What is neoadjuvant therapy?
Neoadjuvant therapy is a systemic treatment done before local treatment methods (such as surgery or radiation therapy) are administered to the tumor to shrink the mass and kill invisible metastatic cells early enough to facilitate subsequent surgery, radiation therapy, and other treatments. The most commonly used neoadjuvant treatment in clinical practice is chemotherapy.
For patients with early-stage tumors, they can usually be cured with local treatment options and do not need neoadjuvant therapy, and for patients with advanced tumors, neoadjuvant therapy is usually not used because the opportunity to eradicate the tumor is lost.
For patients receiving neoadjuvant therapy, a new series of imaging tests is needed to reassess whether surgery can be performed. If the surgeon believes that surgery can be performed, it needs to wait until the patient’s blood picture returns to normal, usually some time after neoadjuvant therapy is completed.
Which patients need neoadjuvant therapy?
Prostate cancer growth is highly androgen-dependent, with massive tumor cell death after androgen removal, which for localized tumors manifests as a reduction in tumor size and extent. Therefore neoadjuvant endocrine therapy is often used in the preoperative treatment of high-risk prostate cancer in certain special circumstances.
There are two major categories of “high-risk prostate cancer”
- One category is limited prostate cancer: it has a PSA greater than 20, or a malignancy score of 7 or higher or an International Society of Urologic Pathology ISUP rating of 4 to 5, or a clinically graded T2C tumor.
- One category is locally progressive prostate cancer: it is prostate cancer that is clinically staged T3 or T4 or lymph node positive, regardless of its PSA value, GS score, or ISUP rating.

The above-mentioned patients with high-risk prostate cancer do not have good outcomes even though they have undergone surgical resection. The postoperative biochemical recurrence rate (i.e., the incidence of re-elevated PSA) is significantly higher in high-risk patients than in low- and intermediate-risk patients, and the risk of postoperative local recurrence, systemic progression, and death is also significantly higher than in low- and intermediate-risk patients.
For this group of patients, a combination of drug, surgical, and radiotherapy regimens are often implemented to improve prognosis. For patients with high-risk prostate cancer, endocrine therapy is administered for a limited period of time before radical resection to reduce tumor volume, clinical stage, and positive prostate margin tumor rate; then radical reduction surgery is performed to minimize the tumor load in the body; postoperative adjuvant endocrine therapy is taken to reduce local recurrence and distant metastases and improve survival.
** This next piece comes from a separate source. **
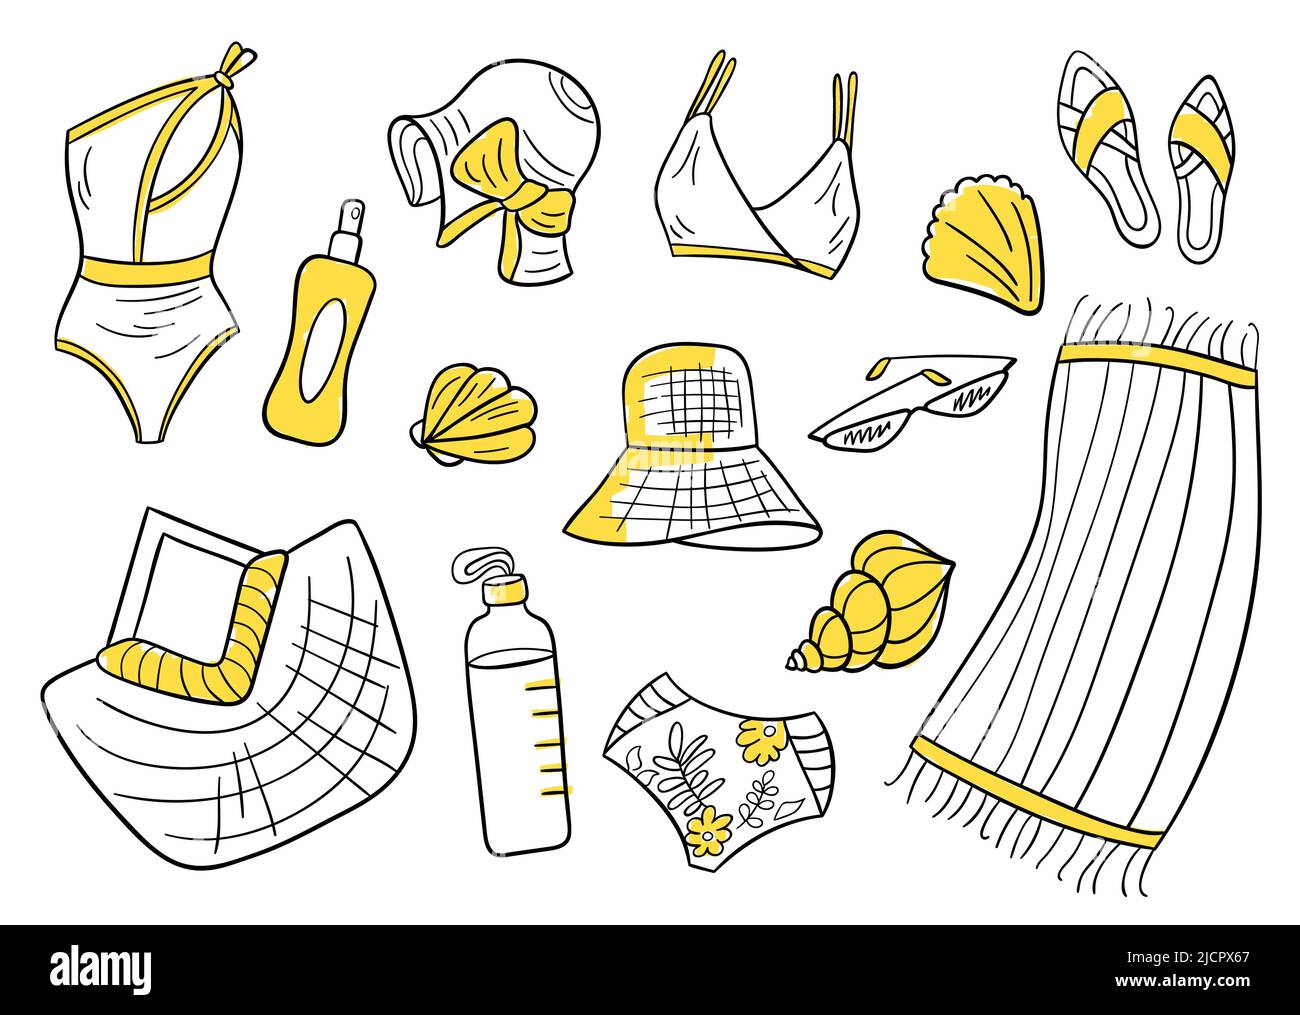 Conjunto de artículos de verano de estilo dibujado a mano. Sencillos iconos  de diseño minimalista. Traje de baño de playa, sombrero de panamá, gafas de  sol, toalla, botella de agua, concha, chanclas,

In addition, salvage endocrine therapy combined with radiotherapy after biochemical recurrence may also improve long-term survival.
What are the common options for neoadjuvant endocrine therapy?
Neoadjuvant endocrine therapy regimens tend to use a combination of luteinizing hormone-releasing hormone (LHRH-a) and anti-androgens, or LHRH-a or anti-androgens alone, but the combination is more reliable and effective.
The duration of neoadjuvant therapy is typically 3 to 9 months.